I’ve been pondering the character Esdese from Akame ga Kiru for a while now, because her character eludes explanation. It seems impossible that such a bad character can appear so innocent when the manga takes us away from her job. Her terrible crimes seem to call for judgment, and yet one almost wishes her to get off scot-free. I described her worldview as Nietzschean in my prior article, but the more I read the more apparent it becomes that she does not base her worldview in a philosophy. Rather, her understanding of right and wrong derives from her coming from a savage society, and having these ideals rather confirmed by living in a “civilized” society which has been reduced to a state of nature. I would recommend reading Adam Ferguson’s An Essay on the History of Society if any of my dear readers find the points I am about to make interesting.
When we are first introduced to Esdese, we hardly come off with a good opinion of her: she subjugates some rebels with fierce reprisals, forces a certain rebel to lick her boots, and later she gives pointers to some torturers on how to increase human suffering. Shortly after the last scene, she greets the king and prime minister in the throne room. Upon being asked whether she has any new goals, she declares–in complete incongruity with her prior actions–that she wishes to fall in love and produces a ridiculous list of desired traits for her lover.
I must confess, I did not much care for Esdese until she produced that list. At the same time, I did not know what to make of it. Love should be the last thing a person of this sort wants. None of the other hardcore villains desires love! And yet, outside of the scenes where she inflicts pain on others, she can be heartwarming and cute. Which brings me to the point I made earlier: how can cruelty and kindness exist in the same character and appear authentic?

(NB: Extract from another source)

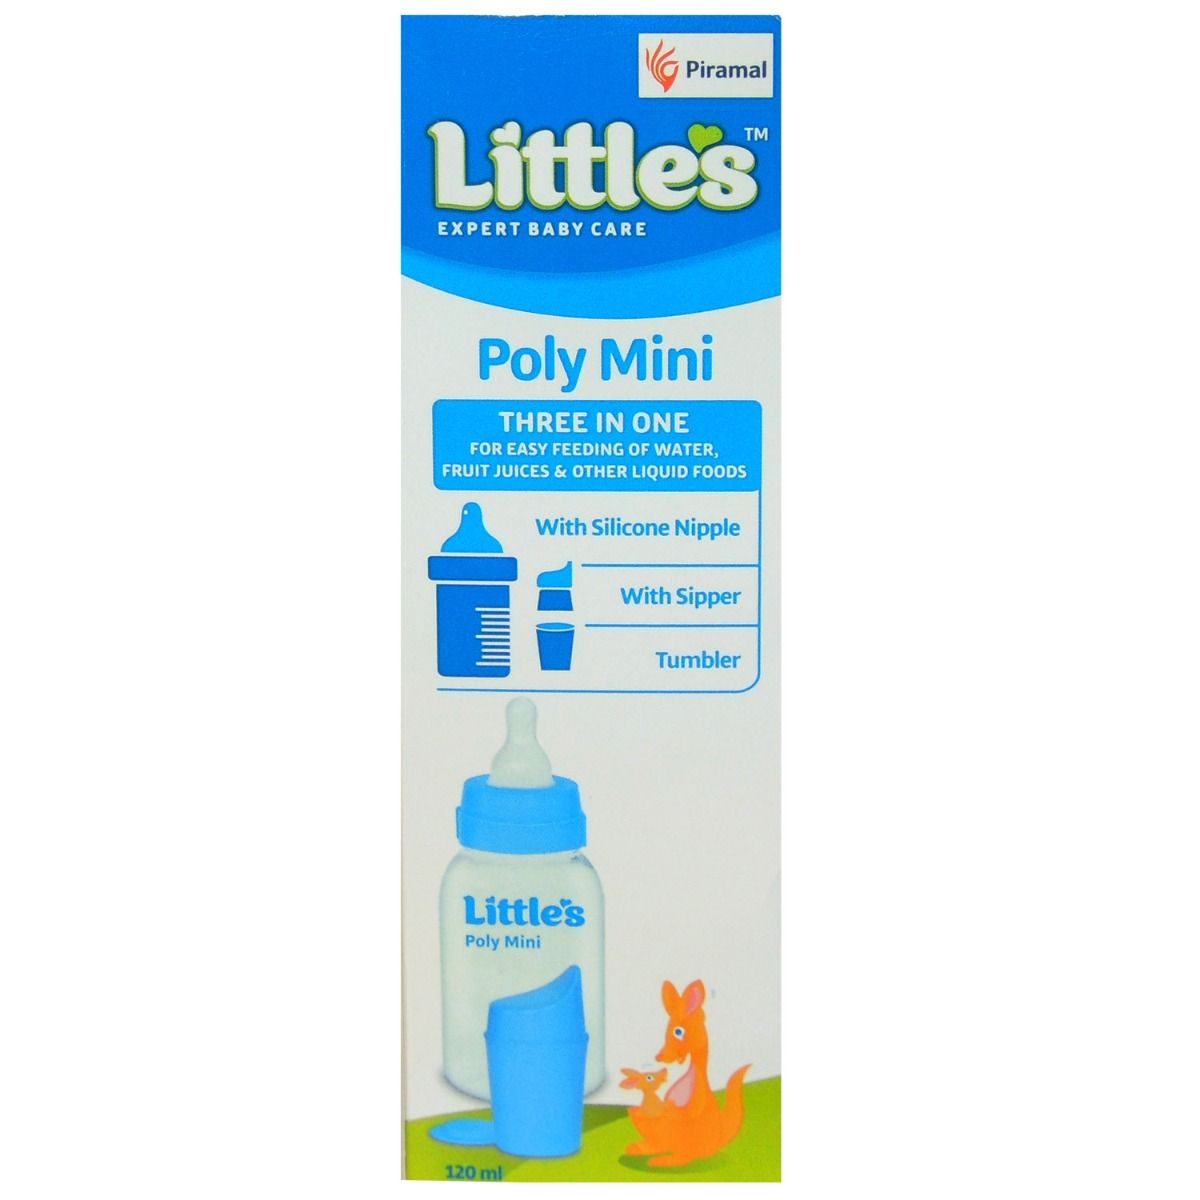 Little's Poly Mini Blue Feeding Bottle, 120ml, Pack of 1

The solution to the enigma of Esdese lies in her being a savage. (Kudos to the mangaka for making an blond haired, blue eyed savage!) She dresses like a Nazi, which perhaps first led me to compare her ideas to Nietzsche, but perhaps a deerskin shirt and breeches would suit her character better. She hales from the frigid north of the Empire and was raised to believe that it was natural for the strong to do whatever they liked to the weak. Her father tells her not to feel sad that her mother was killed–’tis natural–nor to feel pity for the live animal they harvest some organs from–’tis natural. (I’m sure she first develops a taste for torture here.) Lastly, he even tells her not to grieve for his own death as he lays dying with their tribe annihilated! That’s quite natural too!
In the movie Ulzana’s Raid, Burt Lancaster’s character claims that hating an Apache because he is cruel is like hating the desert because it has no water. Similarly, Esdese was brought up in a state of nature and displays its values: “Life is nasty, brutish, and short,” as Thomas Hobbes says. In the above named essay, Adam Ferguson writes that Native Americans tortured those of their enemies they found brave. It was actually an insult to be killed quickly! In certain cases, they would even remember fondly the guts a certain warrior displayed under torture! (Couldn’t resist the pun.) One wonders whether Esdese believes that she is showing regard for her defeated foes’ bravery when she shows them the same treatment.

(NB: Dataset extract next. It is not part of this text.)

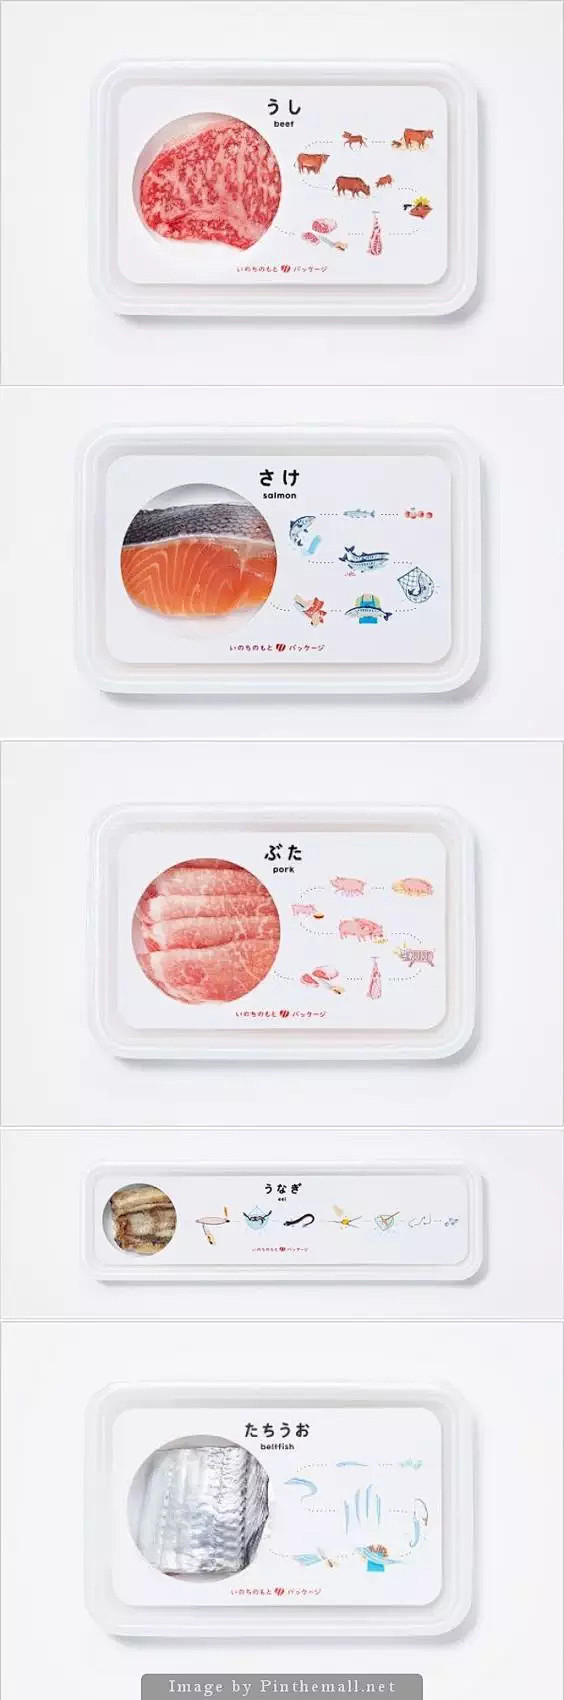 肉类肉制品电商包装设计参考6

Her person reminds one of the part in the Gospels where Christ says that someone who ignorantly does something worthy of a severe beating will be beaten lightly (Luke 12:48). Esdese’s simplicity (she was an incredibly docile child) and ignorance of civilized morals–which are even more obscured due to the present state of affairs–make one think of her as a lion: beautiful, strong, graceful and yet would think nothing of mangling any animal smaller than it. We don’t blame lions for ferocity. Nor can we blame Esdese that much even though she does things truly horrible. Instead, we wish for this savage to become civilized–or at least to metamorphose into a knight. Tatsumi concludes that there is no saving her, but plenty of other violent races have become gentle through religion or philosophy: Christianity made the Vikings and Native Americans gentle and Buddha’s teachings changed Tibetans for the better. So, one hopes that Esdese can realize that there is a better way to live than in the state of nature. At any rate, I find it impossible to hate this cruel, charming, bloodthirsty, cute savage.